Friday, February 17, 2012

The Murder City Project By Barry D Kirsch

Evolve Design Group, 413 Virginia Drive
THE MURDER CITY PROJECT

A warehouse exhibition of 24 delightfully gruesome, noir-style murder scenes by photographer Barry Kirsch.
ONE NIGHT ONLY
WHEN:
Saturday, Feb. 25
7-11 p.m.

WHERE:
Evolve Design Group
413 Virginia Drive, Orlando 32803
(across the street from The Hideaway bar)

DONATION:
There is a sliding-scale donation for admission:
$25 for the employed or generous
$10 for Great Recessioneers

This show is a benefit to pay artists & photographers for their work in free print publications. The event will kick off the new Editorial Art Fund.

Beer by Boulder Brewing Company (Hazed and Confused) & wine by S.R. Perrott

CONTACT INFO:
For more information please visit:
www.EdArtFund.org
info@edartfund.org


ABOUT THE MURDER CITY PROJECT:

The Murder City Project is an art-noir photography project reflecting the nondiscriminatory way violent crime impacts everyone, regardless of economic status, race, religion, nationality or age.

The project was conceived in 2006 after photographer/photojournalist Barry Kirsch heard about the City of Orlando's astounding 368% increase in per capita murders that year. Shocked by this figure, Kirsch wanted to strengthen awareness about this alarming statistic with the goal of increasing community support for organizations that deal with the outfall of violent crime (proceeds of the Murder City Project benefited CrimeLine of Central Florida).

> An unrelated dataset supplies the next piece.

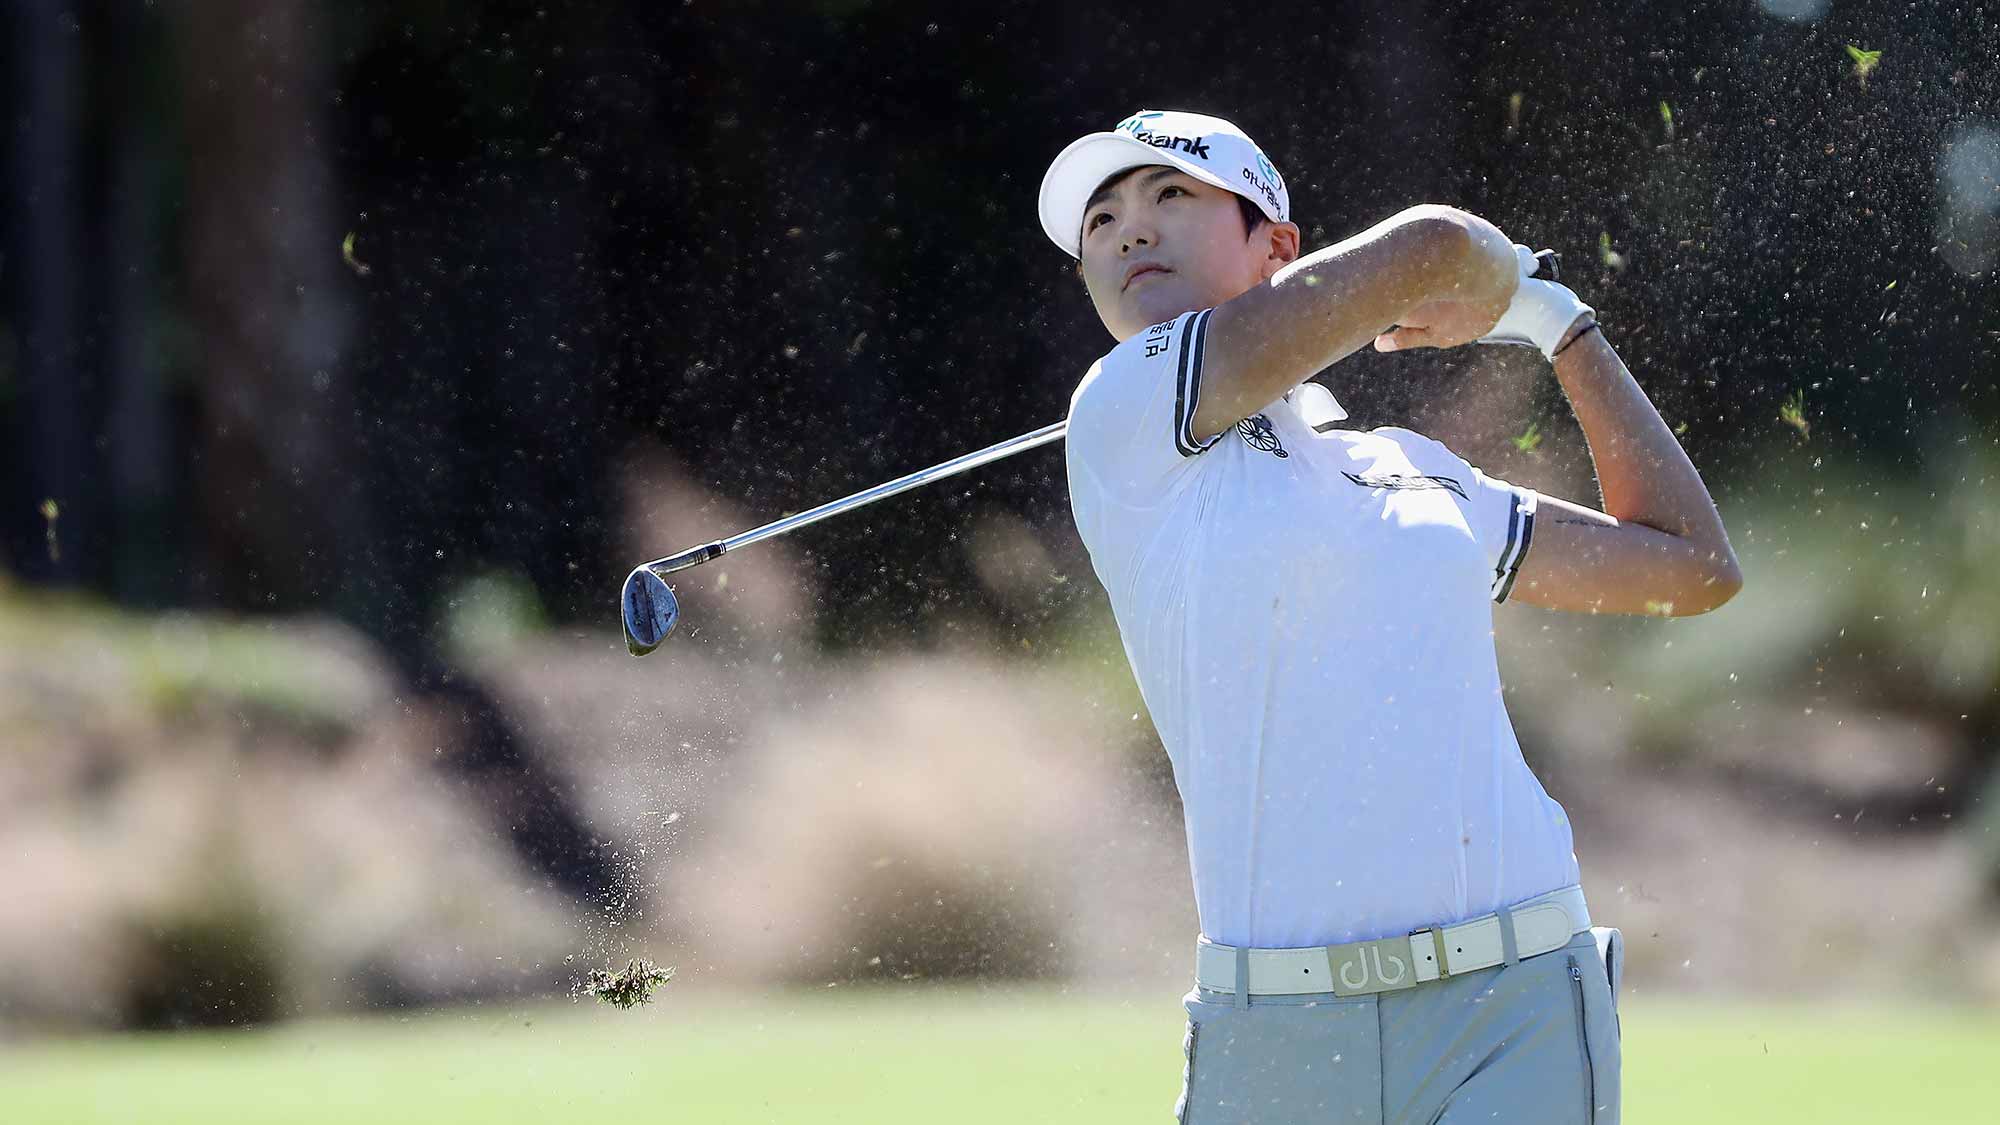 Sung Hyun Park of Korea plays a shot on the second hole during the final round of the CME Group Tour Championship

Using the best weapon he knows - his camera - Kirsch conceived a photography project that captures staged murder scenes (not recreations of actual crimes) designed to provoke thoughtful conversation and action.

"What shocked me was not only the staggering murder statistic itself," says Kirsch, "but how no one I talked to seemed to know or even care about it. There was this distance and disconnect around it. People watch every night with rapt attention as murder is glamorized, sexualized and commercialized on TV, but then are utterly blasé about it when murder is happening for real in their very own backyard. The irony of that led me to do this project."

The Murder City Project is a series of 24 large-scale images representing the 24 hours in a day. Each image is a murder scene photographed in the six counties that make up Central Florida. Shot in black and white, each photo includes a gold watch hidden somewhere in the scene indicating the time of the crime. The photographs are titled by each hour of the fictional day.

"The project is a bit of a Trojan Horse," says Kirsch. "People will make their way through the images thinking they are seeing one thing, but the final image will flip that perspective on its head. The message of this series is not what it first seems. People will definitely leave the exhibit talking, hopefully more aware of the toll violent crime takes on individual lives and on the larger community."